My code at large takes a Python dictionary, that contains database column names and their content, binarizes the columns (struct.pack, array.array, str.encode) and sends them using socket.sendall.
To improve speed, I wrote the binarization part in a generator function, that yields the binary chunks. A generator is sent to a thread, which generates the chunks and puts them in a queue, which the main thread collects and sends away.
However, I still don't get the speed improvement I expected. I figured I'd try using an auxiliary process instead of an aux. thread. The problem is - I can't pass a generator to a process - "not pickleable".
I would be grateful for any suggestions / feedback / insights as to how to go about this type of mechanics.
EDIT: When profiling the code with snakeviz (cProfile with graphics), I saw that socket.recv takes 3/4 of the time, and time.sleep (Waiting for chunks in the main thread) another 1/4. That 1/4 is what I thought I could mitigate with another therad/process, as I read that both blocking socket operations and time.sleep are supposed to release the GIL.

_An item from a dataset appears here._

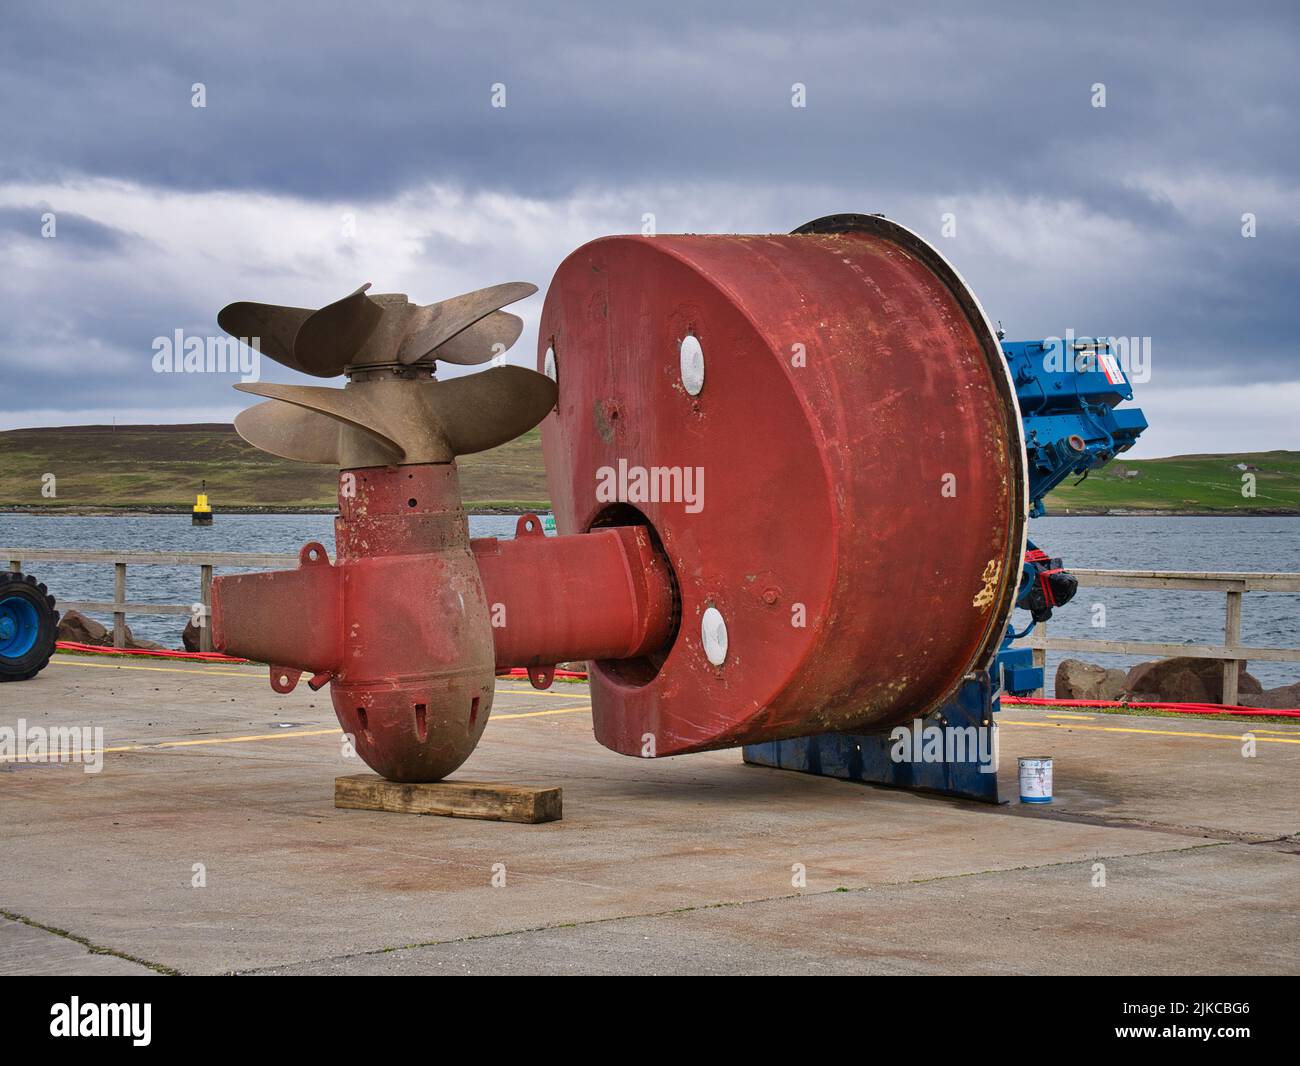 Ein großes, rotes, doppeltes Azimut-Thruster mit Doppelschraube am Kai im Hafen von Lerwick in Shetland, Großbritannien. Aufgenommen an einem bewölkten, bewölkten Tag. Stockfoto

I don't see how you would expect to have any performance improvement by doing this in another process. The function of producing a binary representation (serialization) of your dictionary is completely CPU bound -- and, relatively speaking, should be very fast -- while the function of sending it to another system is I/O bound, and will almost certainly be slower and the ultimate bottleneck.

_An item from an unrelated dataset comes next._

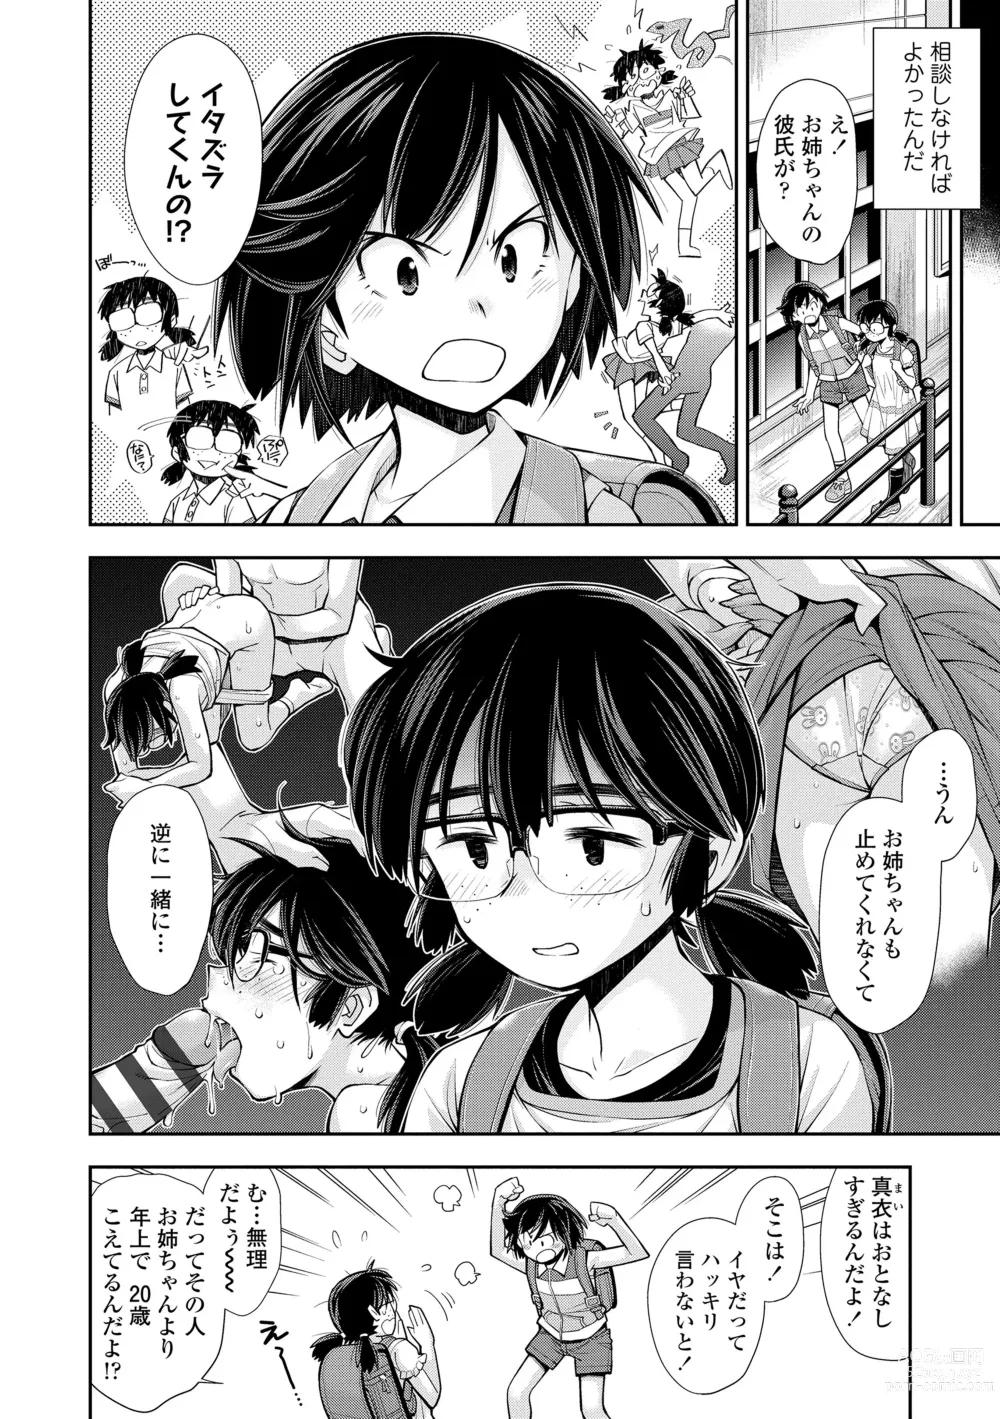 Page 8 of manga Onnanoko wa Sono Yubi no Ugoki ni Yowain desu

In fact, I wouldn't be surprised if delivering these binary chunks you've created through a queue from one thread to another takes more time than simply running the serializer directly in the socket-sending thread when you factor in thread context-switching and queue insertion/extraction/synchronization overhead (and the effects of the GIL if you're using CPython). And the queue sending/synchronization overhead is unlikely to change for the better if you move the serialization to a separate process.
If you want to do the sending concurrently with other activity -- you're concerned with tying up your main thread for a long time -- then you should probably just delegate the entire task (serialization plus sending) to another thread or process.
Another thing to understand is that when you first begin to send on a socket, the kernel will copy the initial data into internal buffers and immediately return control to you -- the kernel then breaks the data up into packets and sends on the wire as the protocol permits asynchronously. So, the sends will not (at first) appear to be I/O bound. But if you have many megabytes of data to send, eventually the kernel buffer space allowed to your socket will fill and then your thread will be blocked until enough packets have been sent and acknowledged by the peer to free up some of that space.
In other words, in a single-threaded implementation, if G means generate a chunk of data and S is a
socket.sendall
call, your total time spent in each phase will look something like this:At first, the sends will seem near-instantaneous, but after a while, will start to take longer to complete. And if you aren't generating enough data to experience this effect, then it's even less likely you have any need to push the serialization to a separate thread.